KI für Verwaltung und Unternehmen
Die "Swiss AI"-Initiative hat sich auch zum Ziel gesetzt, Wissenschaft, Industrie und Politik zusammenzubringen, um die Entwicklung und den Einsatz der Künstlichen Intelligenz in der Schweiz gemeinsam voranzutreiben. Zudem sollen bereits etablierte Kooperationen mit Firmen, Spitälern und der öffentlichen Hand weiter ausgebaut werden.
Das aufgebaute Fachwissen und die entwickelten Basismodelle sollen dann möglichst offen und direkt an Gesellschaft und Wirtschaft weitergegeben werden. So sollen sowohl Unternehmen als auch die öffentliche Hand von der Initiative profitieren können. "Um wettbewerbsfähig zu bleiben, werden künftig auch KMU immer stärker auf den Einsatz von Künstlicher Intelligenz angewiesen sein", schreibt die ETH.
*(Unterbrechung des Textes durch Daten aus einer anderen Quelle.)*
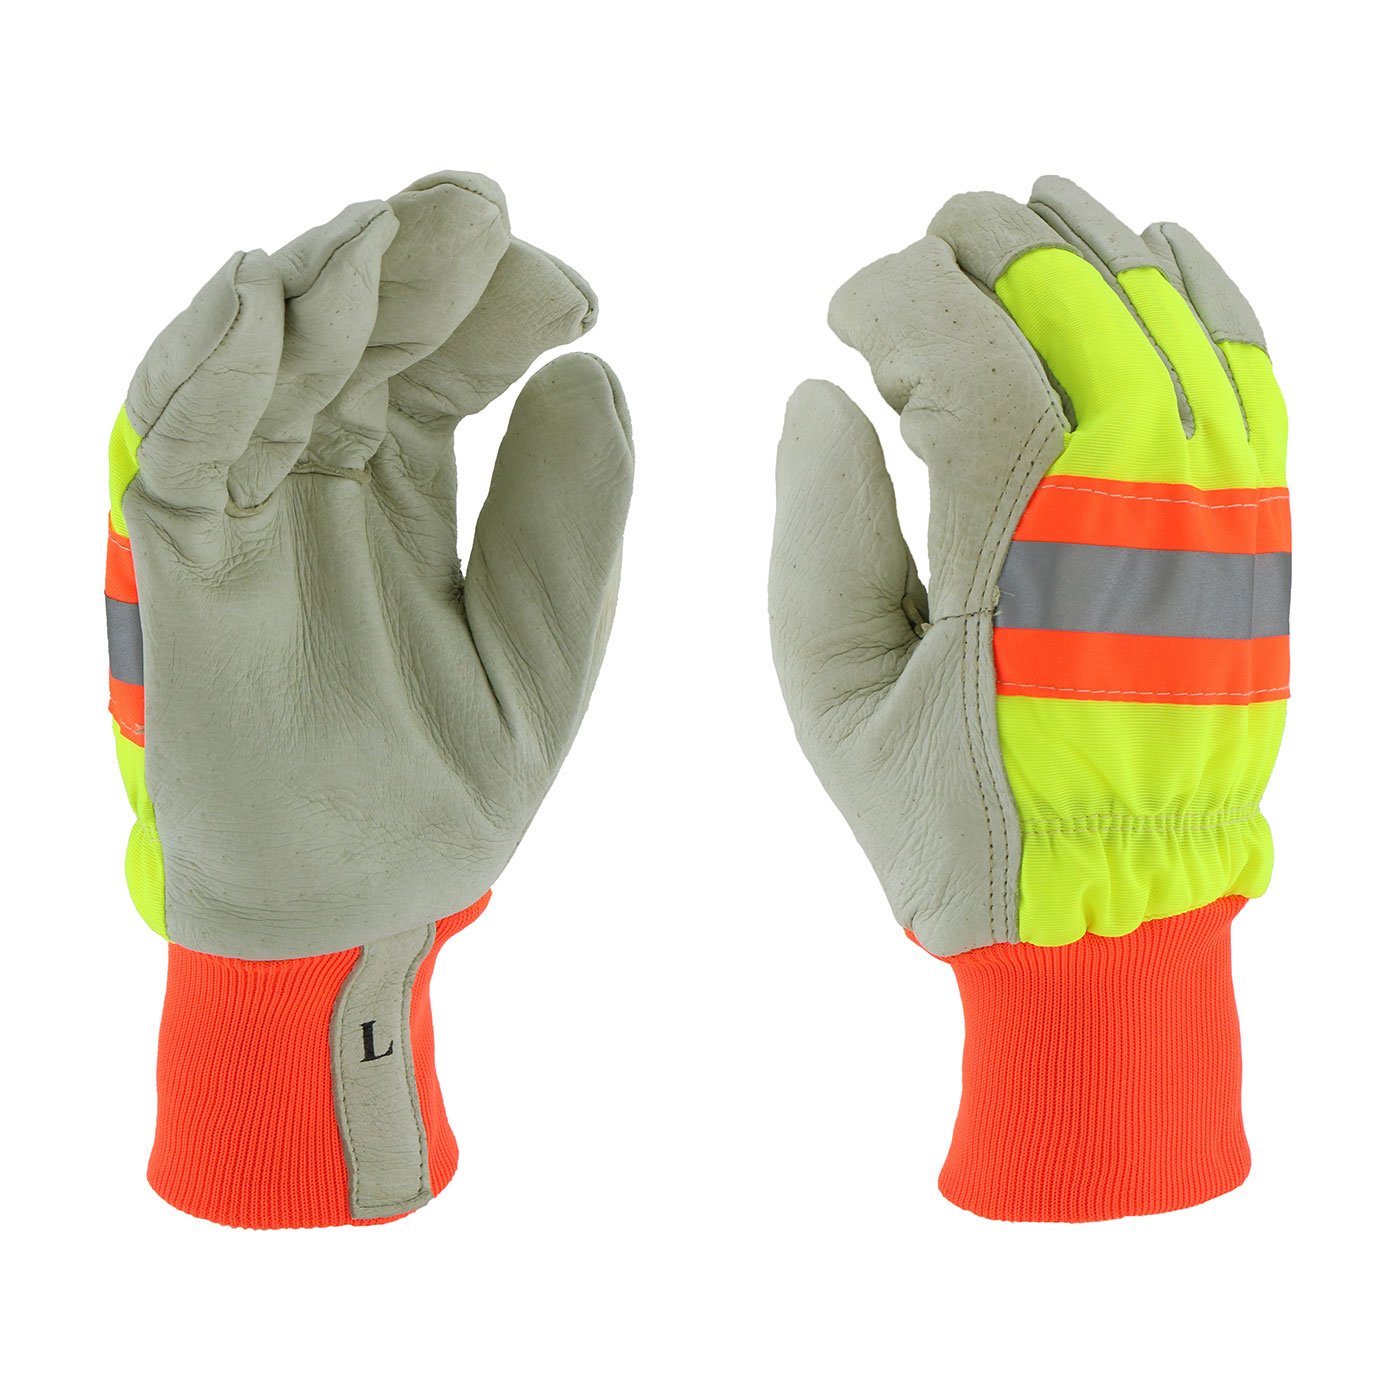 #HVY1555 PIP® West Chester Top Grain Pigskin Leather Palm Glove with Hi-Vis Nylon Back, Retro-Reflective Stripe, Posi-Therm® Liner and Knit Wrists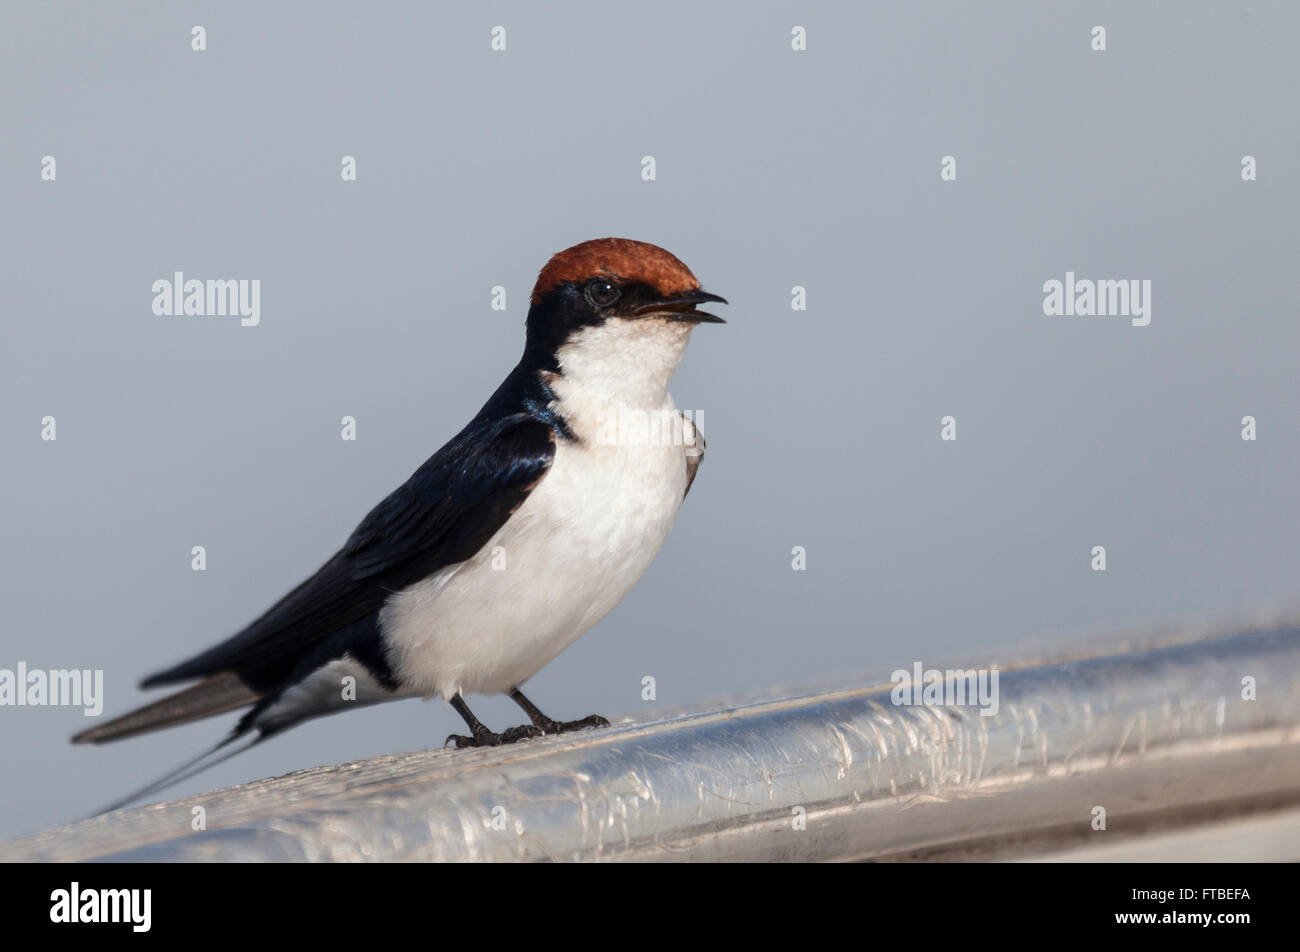 Wire-tailed Swallow, Hirundo smithii, perched on the edge of a small boat and calling. Chobe NP, Botswana, southern Africa. Stock Photo

Vernetzung von Forschenden
Mit der Initiative soll das Fachwissen von rund einem Dutzend Schweizer Universitäten, Fachhochschulen und Forschungseinrichtungen gebündelt werden. In den letzten Monaten konnten insgesamt über 75 Professorinnen und Professoren aus der ganzen Schweiz für die Initiative gewonnen werden. Darüber hinaus wurden auch internationale Forschende dazu eingeladen, gemeinsam an der Entwicklung von mehrsprachigen und grenzüberschreitenden Open-Source-LLM zu arbeiten.
Die ETH Zürich und die EPFL Lausanne sind schon heute Teil des europäischen KI-Netzwerks Ellis, zu welchem rund 40 KI-Hotspots in ganz Europa gehören. Die beiden Hochschulen betreiben auch
eigene KI-Zentren, die im Rahmen der Initiative künftig enger zusammenarbeiten sollen.